18.04.2007 · Die Leser der Frankfurter Allgemeinen Zeitung haben ein Herz für soziale Anliegen. 546.000 Euro spendeten sie im Zuge der Aktion „F.A.Z.-Leser helfen“. Das Geld kommt belasteten Kindern und Demenzkranken zugute.
Von Manfred KöhlerDie Leser dieser Zeitung haben ein Herz für soziale Anliegen. 546.000 Euro spendeten sie in den vergangenen Monaten im Zuge der Aktion „F.A.Z.-Leser helfen“. Das Geld wird zum einen psychisch belasteten Kindern und Jugendlichen, zum anderen Demenzkranken zugute kommen.
Beim einem Empfang im Redaktionsgebäude erinnerte Werner D’Inka, Herausgeber der F.A.Z., daran, dass das Ziel der Redaktion, Investitionen in sozialen Einrichtungen zu ermöglichen, ohne die Leser nicht zu erreichen wäre. „Es ist nicht unsere, sondern Ihre Aktion.“
Behutsame Berichterstattung über Patienten
Wie berichtet, soll das Geld einerseits dazu beitragen, dass das Institut für analytische Kinder- und Jugendlichen-Psychotherapie im Frankfurter Westend sein Haus erweitern kann, wodurch die Behandlungsmöglichkeiten zum Beispiel für Kleinkinder, die immer nur schreien, verbessert werden.
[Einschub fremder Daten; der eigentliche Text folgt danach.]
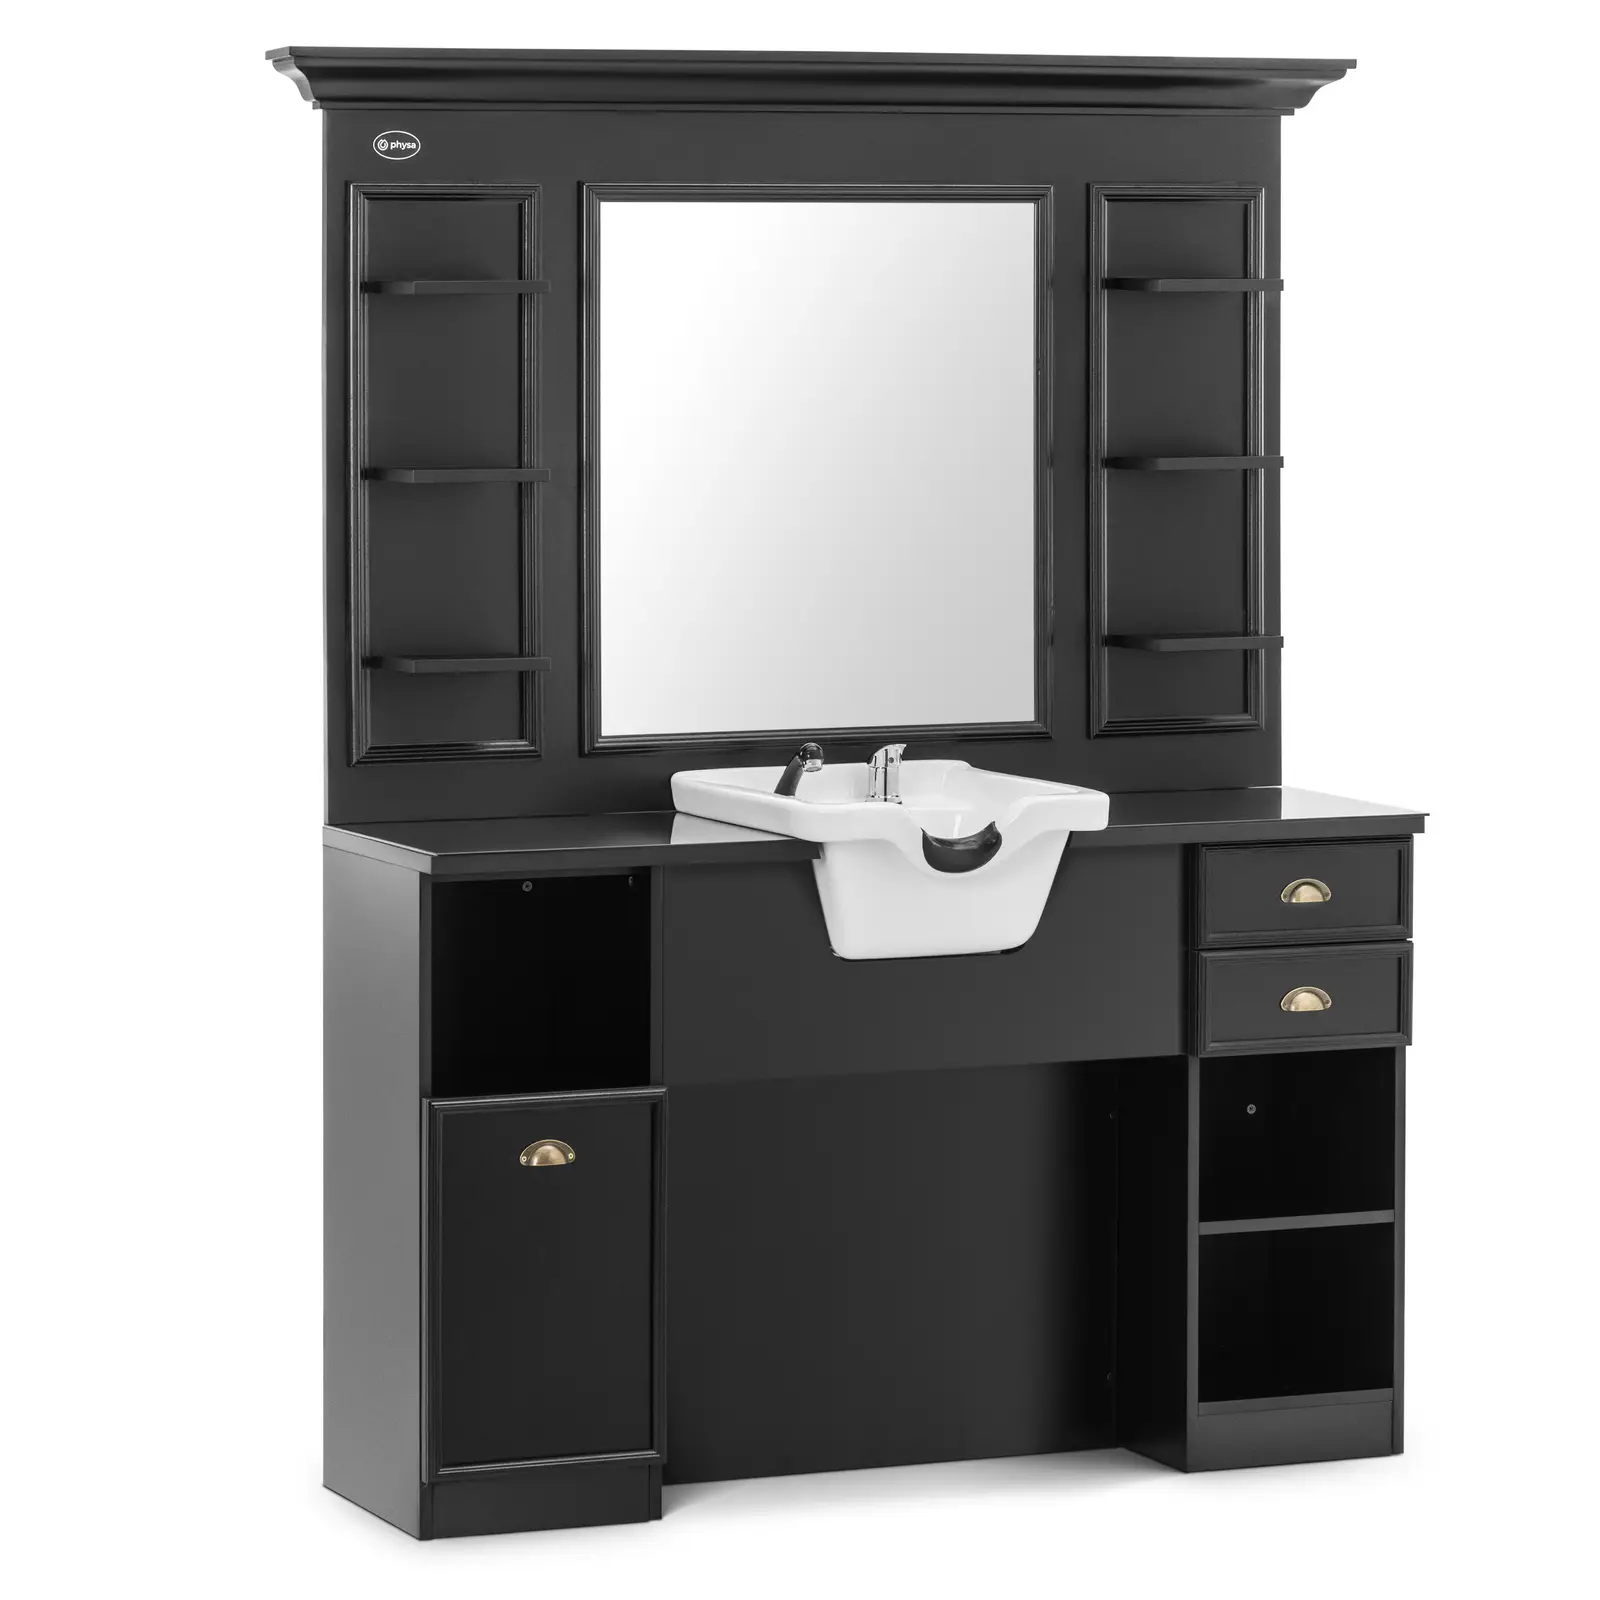 Hairdressing Station - with backwash basin and mirror - brown

Andererseits soll das Altenheim Santa Teresa des Frankfurter Caritasverbands die Möglichkeit erhalten, seine ambitionierte Betreuung von Demenzkranken weiter zu verbessern. So soll ein Garten speziell für diese Klientel angelegt werden, außerdem will das Heim gemeinsame Wohnzimmer so einrichten, dass sich die Bewohner an alte Zeiten erinnert fühlen, was ihnen die Orientierung erleichtert.
D’Inka dankte nicht nur den Spendern, sondern auch der Frankfurter Sparkasse und der Frankfurter Volksbank, die seit Jahren die Spendenkonten unentgeltlich führen, außerdem den Unternehmen und Institutionen, in deren Gebäuden in den zurückliegenden Monaten sonntags Lesungen für Kinder stattfanden. Das waren neben der Volksbank Mercedes-Benz, IBM, Rapp’s Kelterei und der Hessische Rundfunk. Zu den Förderern dieser Veranstaltungsreihe zählt auch das Unternehmen Hassia.
Claudia Burkhardt-Mußmann vom Institut für analytische Kinder- und Jugendlichen-Psychotherapie dankte für die behutsame Berichterstattung über die Patienten der Einrichtung. Caritasdirektor Hartmut Fritz äußerte, es sei gut, dass schutzwürdige Gruppen am Beginn und Ende des Lebens bedacht worden seien – kranke Kinder und schwerkranke Senioren.